Julia Coria, baby, con sus abuelos, que la criaron.

Jamás pregunté y, en cambio, empecé a contar historias, las primeras fueron las que contaba a mí misma. A mis padres los hice espías, granjeros, fanáticos de Los Beatles de los que se vieron en la tele y entre quienes los buscaba. Pero jamás preguntó, y como no preguntó nadie ofreció respuestas hasta que a mis diez años mi maestra dio un ultimátum. Mi abuela me llevó a caminar por la playa y me dijo: fueron raptados. Tampoco preguntamos entonces, vi cómo las palabras le quemaban el alma y le hubiera tapado la boca. Mi abuelo murió apenas después, a manos de los indultos de Menem.

No es que no me hablen de ellos, solo omitieron el final. Crecí en casa de mi madre, entre sus fotos, libros y discos; criaron me sus padres y sus hermanas. De mi papá había amorosos y escuetos recuerdos; su papá lo había abandonado de chico, su madre y su hermana habían debido exiler; nuestros adoramos pero nuestros veíamos poco. Nadie tenía mucho para decir sobre Roberto Coria.
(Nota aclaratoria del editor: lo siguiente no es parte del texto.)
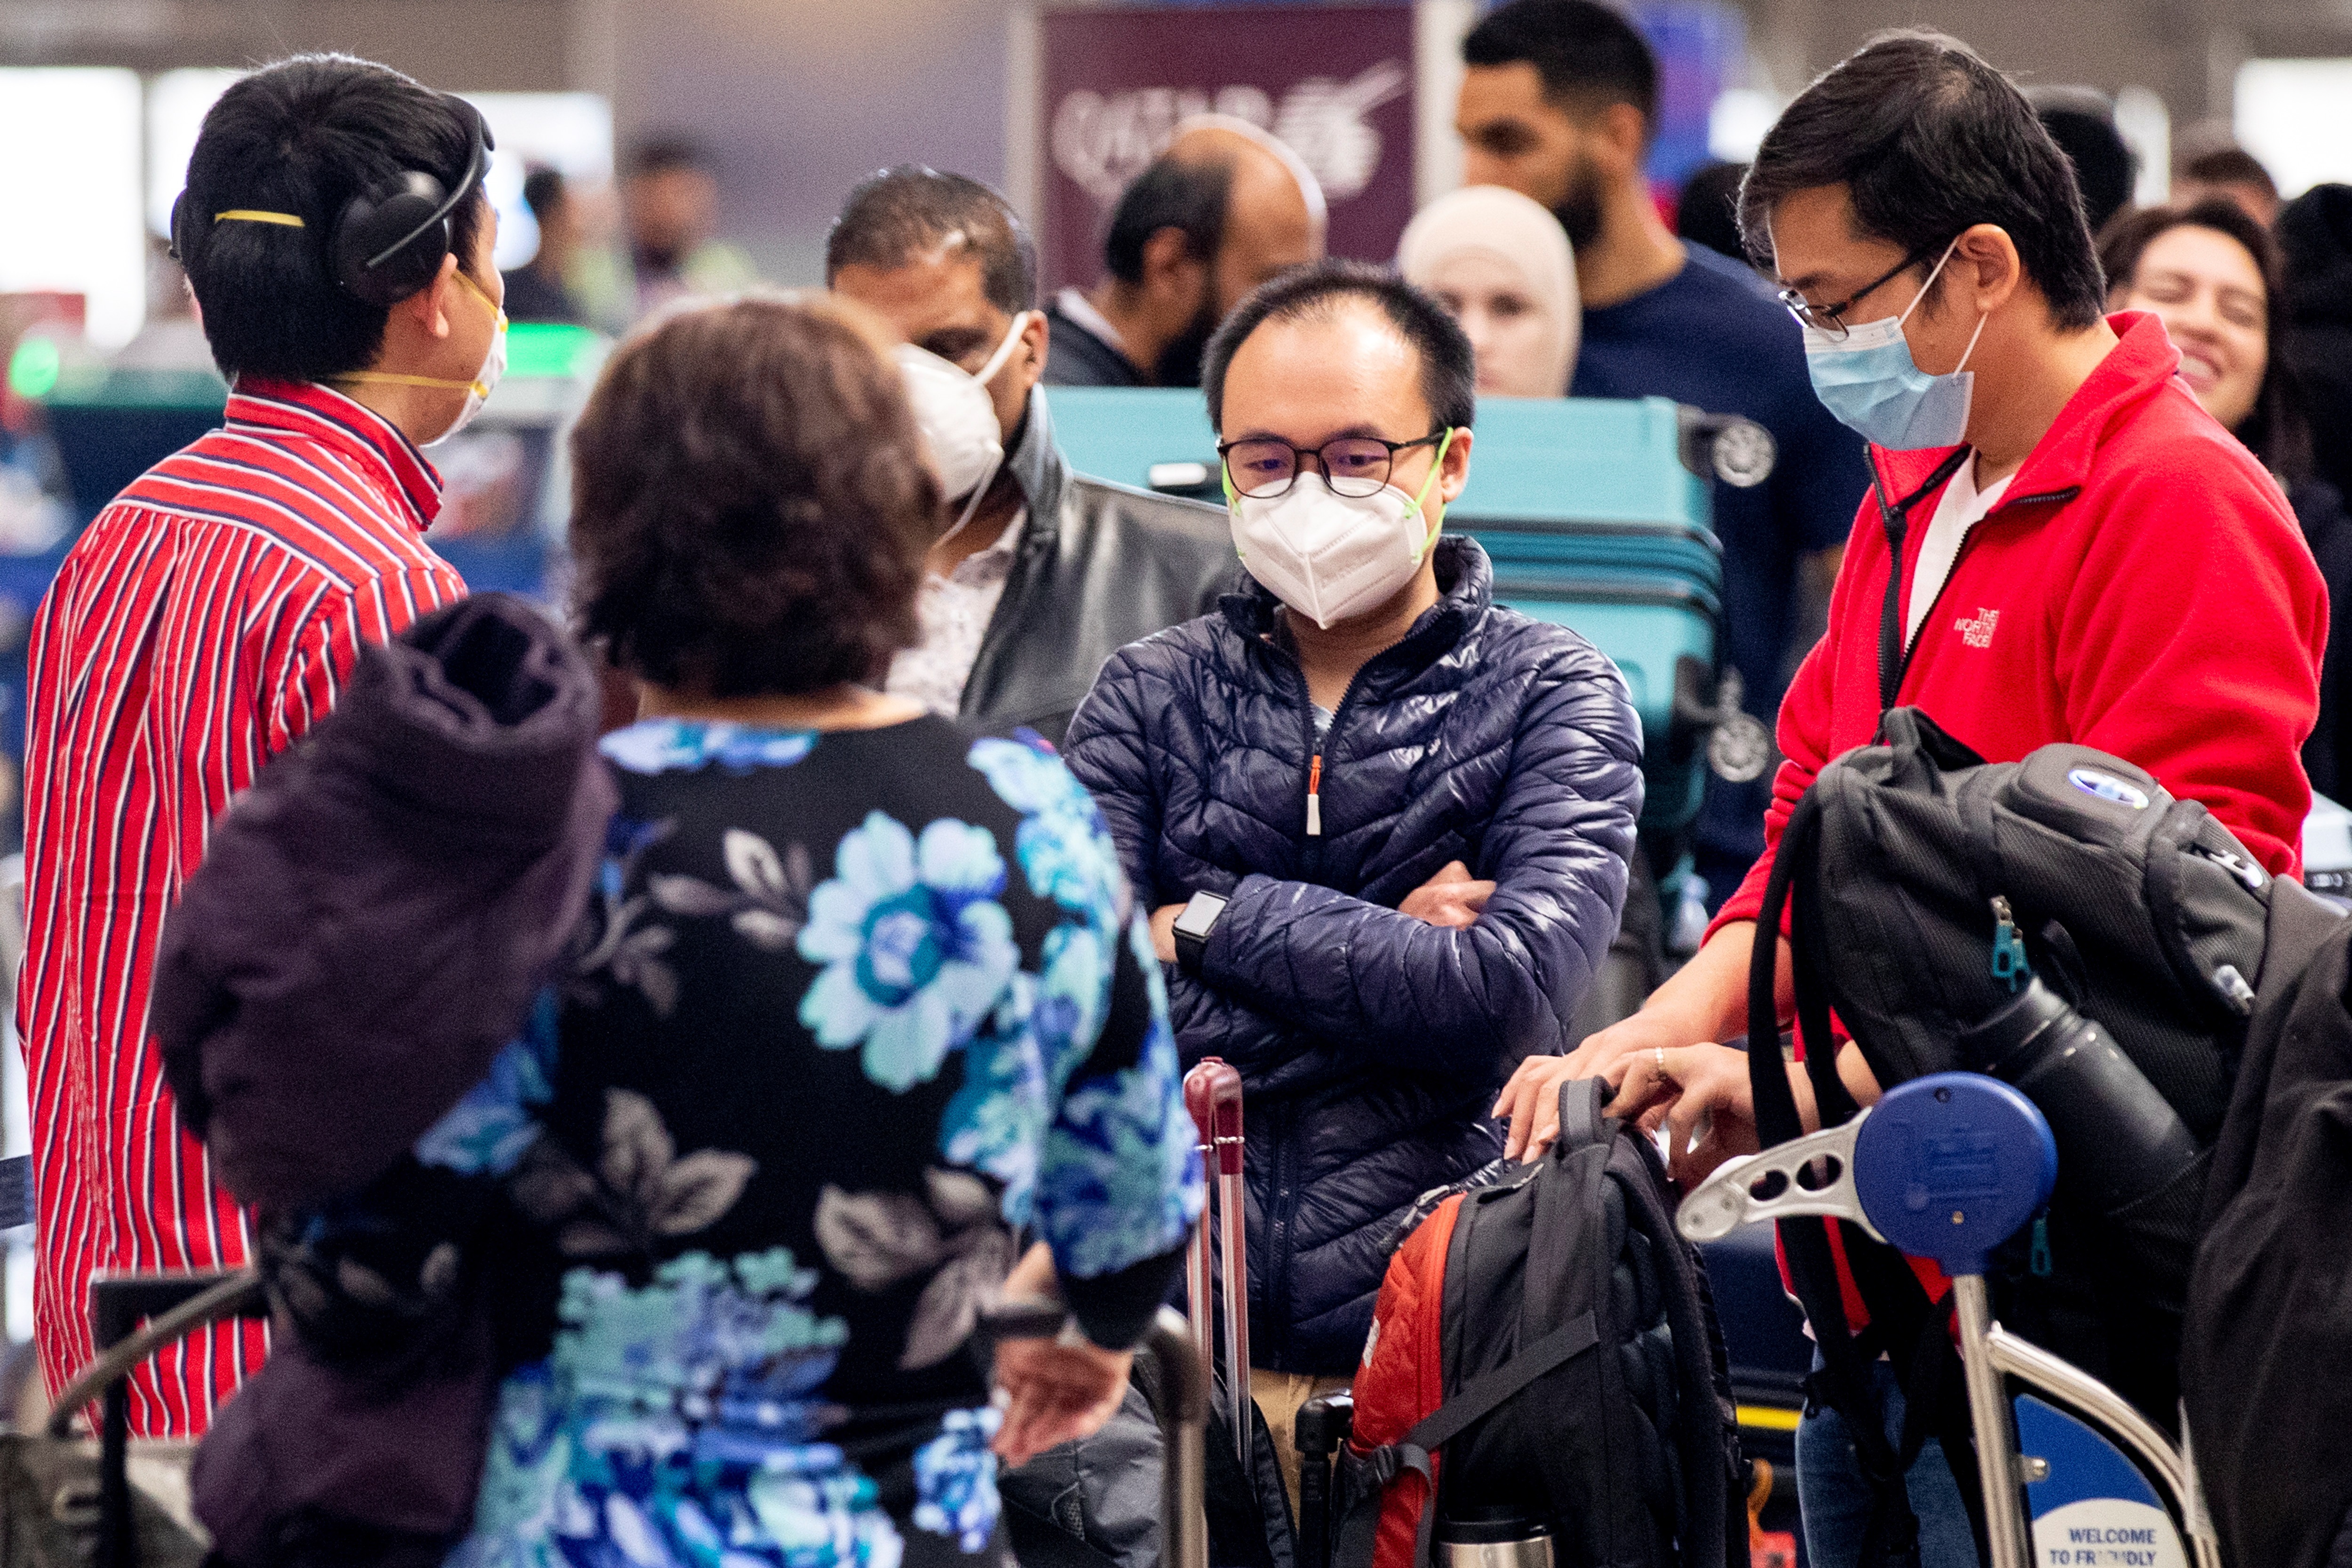 Los aeropuertos europeos califican el coronavirus de “crisis sin precedentes”

Roberto y María Ester, los padres de Julia Coria.  Desaparecidos continuos.


Roberto y María Ester, los padres de Julia Coria. Desaparecidos continuos.

Pero Maco me preguntó si era hija suya. Conocía las denuncias de memoria y veintiún años después del secuestro escuchó mi nombre y reconoció a la mujer en que había devenido su beba. Esa tarde me mostró un archivo gracias al que supe de la militancia de mis padres y también que habían pasado su cautiverio en el Vesubio. Entré además de que no era posible contrastar la muestra de sangre que me tomó con los restos de parárecidos que y habían recuperado. 1998: no existía la tecnología con que más tarde todo esto se volvería más sencillo. Cada análisis era tan costoso que podrían estar allí mismo sin que su identidad se conociera por mucho tiempo (quizás nunca) a falta de una hipótesis que condujera a ellos.

¿De dónde surgía la información que me habían dado? De la carta de un ex detenido uruguayo, un tal Juan. Maco la buscó, me entregó el original y conservó una copia. El remitente era de Amsterdam.

Ámsterdam. Era pleno uno a uno y yo acababa de recibir el pago retroactivo de una beca. La tarde en que me robaron la cartera, yo ya había comprado mi pasaje y depositado demasiadas expectativas en ese viaje como para volverme atrás aunque la dirección del tal Juan (en el sobre de su carte, del que no había copia) se hubiera perdido con el restaurante de mis cosas. Antes de viajar conocí a una sobreviviente de Vesubio llamada Ana. Quise saber si habia visto a mis padres. No. Tampoco de Juan: No vayas. Ana no vio motivos para creerle a alguien de quien nadie sabía nada. Aunque le prometí que lo pensaría nunca dudé, me iría de todas formas.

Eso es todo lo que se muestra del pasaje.